The precise boundary information for the genotyped BILs was used to define non-contiguous “bins”: regions defined by the pattern of overlap among introgressions in the population and within which no line changes genotype (Liu and Zamir; Chitwood et al. 2013). A total of 1049 unique bins (87 per chromosome on average) were detected across the entire genome with the maximum number of bins on chromosomes 5 and 11, with 156 and 128 bins respectively (Table 1; Figure 3D; File S3). Thus, the BILs provide an increase of nearly an order of magnitude in the number of bins as compared to the 112 bins defined in the IL population (Chitwood et al. 2013). We used our precision genotyping and introgression boundary calls to define the gene content of bins with near certainty. A list of annotated genes within the BIL bins is provided as File S4. Interestingly almost half of the bins defined for BILs (455 out of total 1049 bins) had 10 or fewer genes, which will greatly facilitate the identification of candidate genes in future studies. Conversely, only 9 out of 126 IL bins (at the sub-bin level) have 10 or fewer genes. For the ILs, the summary statistics for the number of genes per bin (at the subbin level) are: range = 1 - 1890, mean = 262.06, and median = 150. In contrast, for the BILs these values are: range = 1 - 984, mean = 23.15, and median = 7.

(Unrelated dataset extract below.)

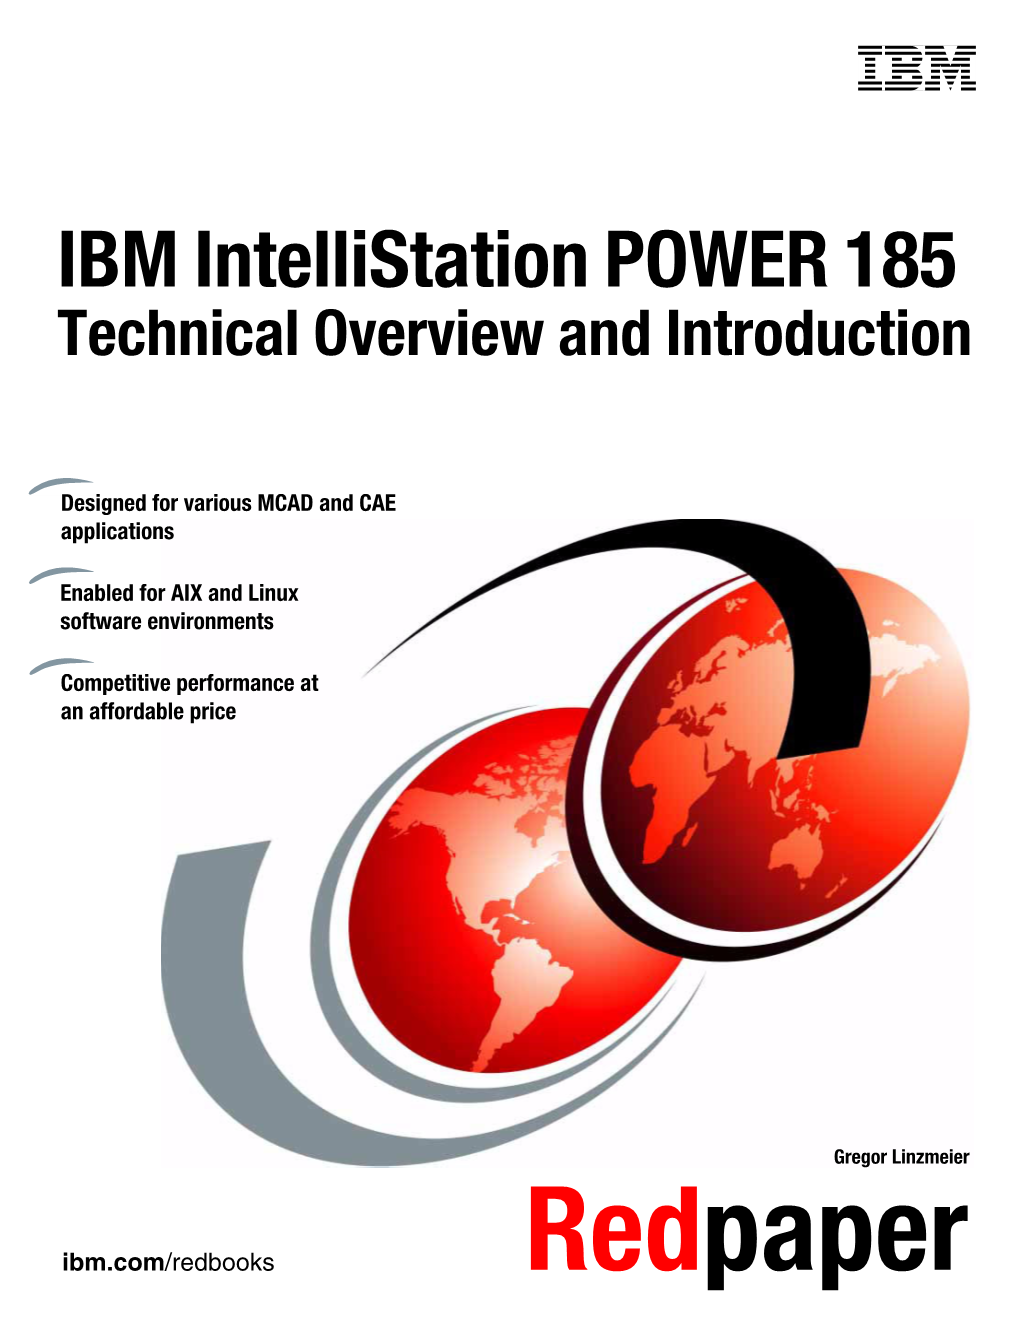 IBM Intellistation POWER 185 Technical Overview and Introduction

Although Ofner et al. (Ofner et al. 2016) used the same tomato BIL population, we achieved a finer resolution of recombination breakpoints and defined 66% more bins thanks to higher density genotyping (roughly 80 times greater number of SNPs). While merging the BIL introgression and bin maps presented in these two publications would be worthwhile, it is hampered by the fact that the population was genotyped at different stages in the two studies and that different versions of the tomato reference genome were used.

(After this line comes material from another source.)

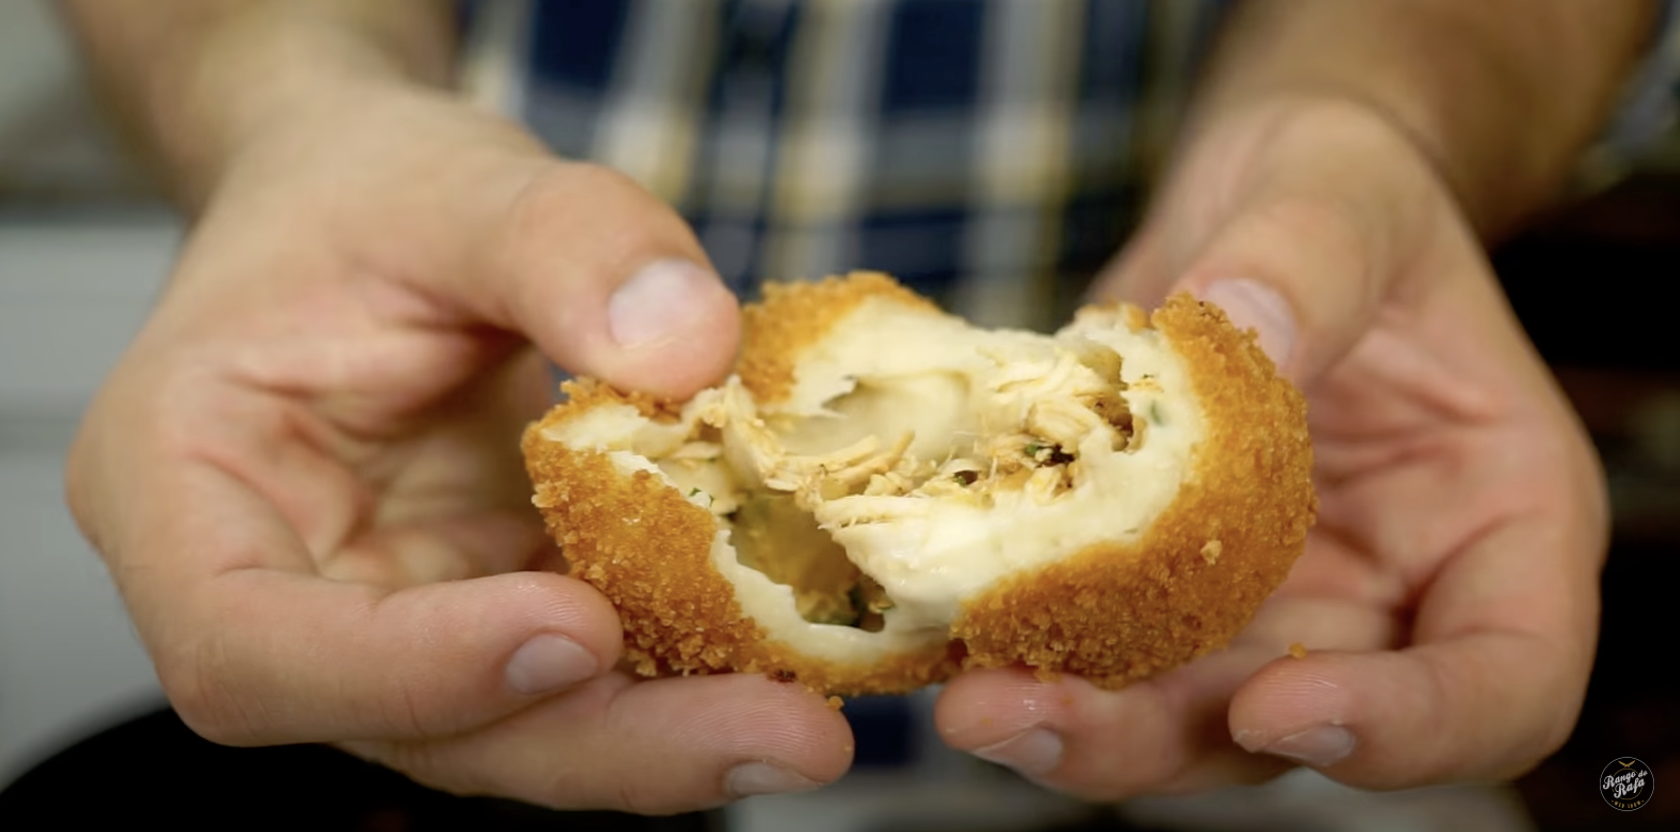 A person holding a coxinha pulled apart

Analysis of leaf trait variation in the population
As described above, the parents of this population show striking differences in leaf morphology and complexity. Not surprisingly, there is substantial variation for these same traits segregating in the BILs. In order to account for replication and pseudo-replication of trait measurements, linear mixed models (LMM) were used to estimate model-fitted BIL trait means for QTL mapping. As expected due to the back-crossed population design, the distribution of many of the traits is roughly centered around the recurrent parent, S. lycopersicum cv. M82, yet often present a skew towards the wild parent, S. pennellii (Figures S4-S29). This is most evident in traits such as flowering time and roundness, for which the only BILs significantly different from M82 are in the S. pennellii direction (Figures S13 and S11).

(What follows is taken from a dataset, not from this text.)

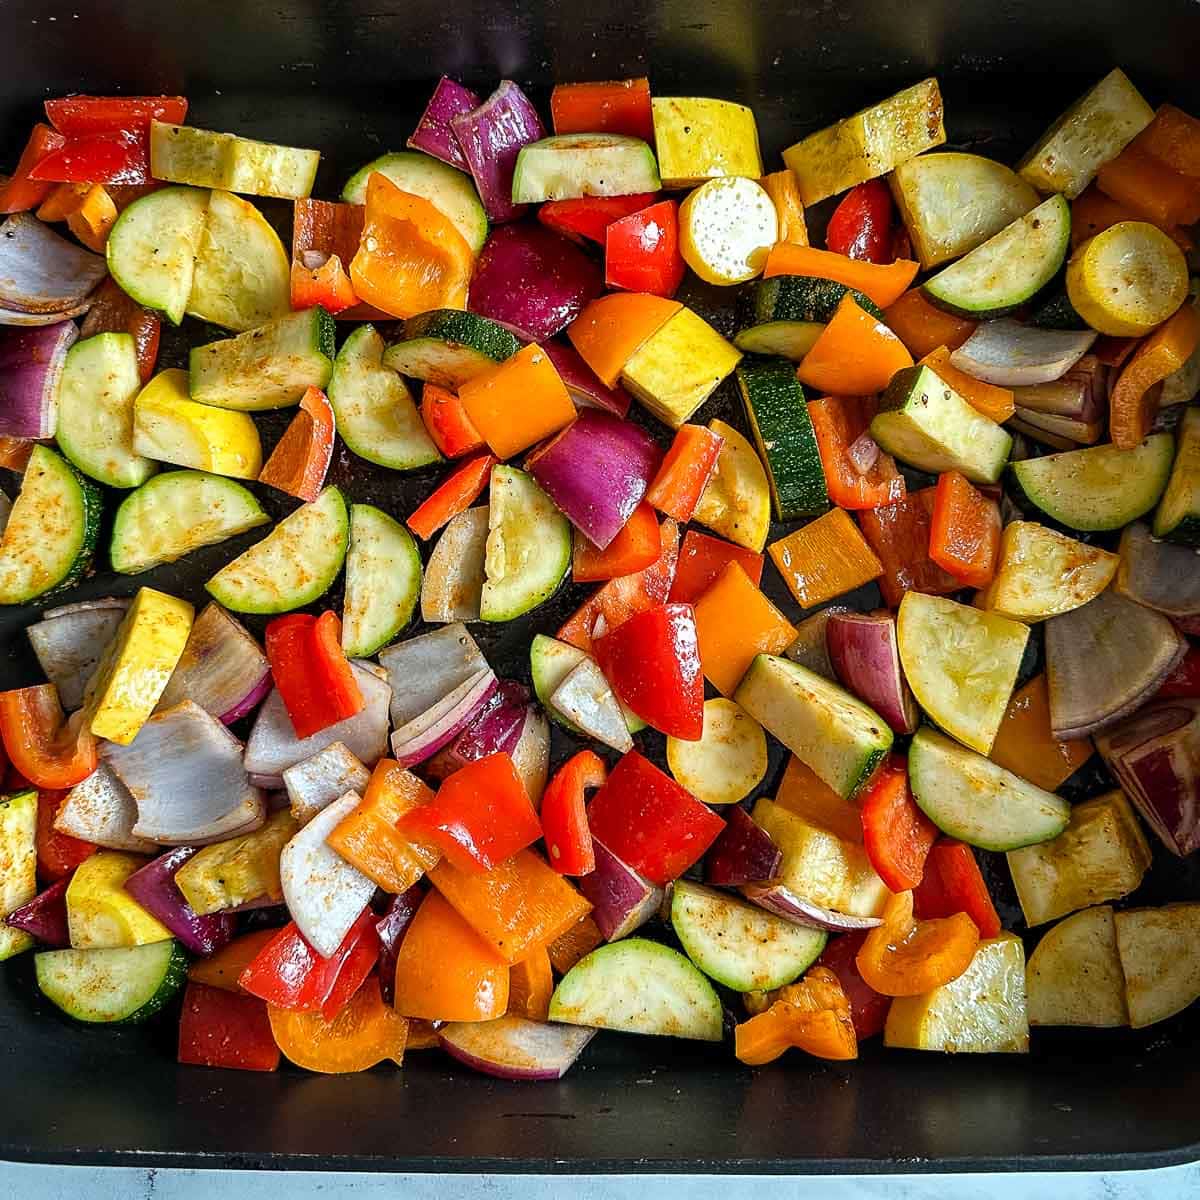 Cut and seasoned vegetables are shown in a roasting pan.

Overall, we found positive correlation among leaf complexity traits (i.e., the number of different types of leaflets and the total number of leaflets). There is stronger correlation between intercalary and secondary leaflet counts, than between either of these and primary complexity. Likewise, intercalary and secondary leaflets are also more strongly correlated than primary leaflets to the total number of leaflets (Figure S30). We found no correlation between leaf complexity and leaflet shape traits. Aspect ratio and roundness are very strongly negatively correlated, which is to be expected. Circularity and solidity are strongly correlated. In the context of tomato leaflet shape, dentation and lobing of the leaflet margin similarly affects circularity and solidity. As in our previous study of tomato leaflet shape in the ILs (Chitwood et al. 2013), we used an outline morphometrics technique, elliptical fourier descriptors decomposed into their principal components (EFD-PC), to examine leaflet shape in the BILs (Figures S14-S29). However, the EFD-PC traits showed low heritability and repeatability in the BILs, perhaps owing to the lower replication in this dataset (Table S1), so we excluded these traits from further discussion.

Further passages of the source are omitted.